[Instructions to follow]: From the first line of the data below through the line holding "Comprando tarjetas de", write out each line exactly as it stands.

-------------------------

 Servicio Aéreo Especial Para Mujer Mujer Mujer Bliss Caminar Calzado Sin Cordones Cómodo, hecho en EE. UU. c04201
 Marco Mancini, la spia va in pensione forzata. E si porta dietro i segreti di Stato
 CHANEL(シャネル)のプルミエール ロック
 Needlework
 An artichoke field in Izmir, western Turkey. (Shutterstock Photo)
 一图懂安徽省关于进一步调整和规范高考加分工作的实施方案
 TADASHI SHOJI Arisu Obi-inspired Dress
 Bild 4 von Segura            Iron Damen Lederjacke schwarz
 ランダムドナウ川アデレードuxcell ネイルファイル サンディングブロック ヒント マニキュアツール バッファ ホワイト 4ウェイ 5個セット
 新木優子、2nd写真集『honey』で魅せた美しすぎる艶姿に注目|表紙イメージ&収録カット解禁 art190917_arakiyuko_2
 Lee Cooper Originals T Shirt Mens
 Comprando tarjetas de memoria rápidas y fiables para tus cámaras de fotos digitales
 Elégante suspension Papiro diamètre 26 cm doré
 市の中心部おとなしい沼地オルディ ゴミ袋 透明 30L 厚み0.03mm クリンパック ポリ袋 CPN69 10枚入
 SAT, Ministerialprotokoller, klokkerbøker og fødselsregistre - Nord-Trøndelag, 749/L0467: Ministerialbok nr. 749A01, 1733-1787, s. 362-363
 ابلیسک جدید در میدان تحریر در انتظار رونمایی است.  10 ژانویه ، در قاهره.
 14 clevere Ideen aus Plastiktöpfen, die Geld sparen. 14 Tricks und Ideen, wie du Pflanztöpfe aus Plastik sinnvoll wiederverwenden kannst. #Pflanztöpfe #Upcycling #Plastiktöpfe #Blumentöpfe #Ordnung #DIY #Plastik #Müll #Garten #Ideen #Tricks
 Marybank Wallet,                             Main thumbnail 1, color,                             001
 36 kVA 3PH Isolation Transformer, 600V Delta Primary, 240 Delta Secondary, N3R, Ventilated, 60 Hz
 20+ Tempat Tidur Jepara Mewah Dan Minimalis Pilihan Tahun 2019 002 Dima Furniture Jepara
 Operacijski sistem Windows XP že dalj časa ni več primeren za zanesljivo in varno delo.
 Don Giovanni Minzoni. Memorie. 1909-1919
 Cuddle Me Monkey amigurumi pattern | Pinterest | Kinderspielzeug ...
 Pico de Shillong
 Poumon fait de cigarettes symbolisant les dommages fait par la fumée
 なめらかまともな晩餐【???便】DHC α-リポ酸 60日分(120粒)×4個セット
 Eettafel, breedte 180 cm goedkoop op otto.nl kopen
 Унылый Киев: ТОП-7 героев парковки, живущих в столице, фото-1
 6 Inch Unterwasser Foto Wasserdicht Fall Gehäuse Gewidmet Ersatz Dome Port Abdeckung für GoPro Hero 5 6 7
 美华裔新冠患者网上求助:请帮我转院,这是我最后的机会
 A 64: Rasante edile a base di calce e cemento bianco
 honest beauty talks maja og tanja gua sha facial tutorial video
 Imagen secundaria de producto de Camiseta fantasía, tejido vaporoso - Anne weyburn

-------------------------

[Solved exercise]:
 Servicio Aéreo Especial Para Mujer Mujer Mujer Bliss Caminar Calzado Sin Cordones Cómodo, hecho en EE. UU. c04201
 Marco Mancini, la spia va in pensione forzata. E si porta dietro i segreti di Stato
 CHANEL(シャネル)のプルミエール ロック
 Needlework
 An artichoke field in Izmir, western Turkey. (Shutterstock Photo)
 一图懂安徽省关于进一步调整和规范高考加分工作的实施方案
 TADASHI SHOJI Arisu Obi-inspired Dress
 Bild 4 von Segura            Iron Damen Lederjacke schwarz
 ランダムドナウ川アデレードuxcell ネイルファイル サンディングブロック ヒント マニキュアツール バッファ ホワイト 4ウェイ 5個セット
 新木優子、2nd写真集『honey』で魅せた美しすぎる艶姿に注目|表紙イメージ&収録カット解禁 art190917_arakiyuko_2
 Lee Cooper Originals T Shirt Mens
 Comprando tarjetas de memoria rápidas y fiables para tus cámaras de fotos digitales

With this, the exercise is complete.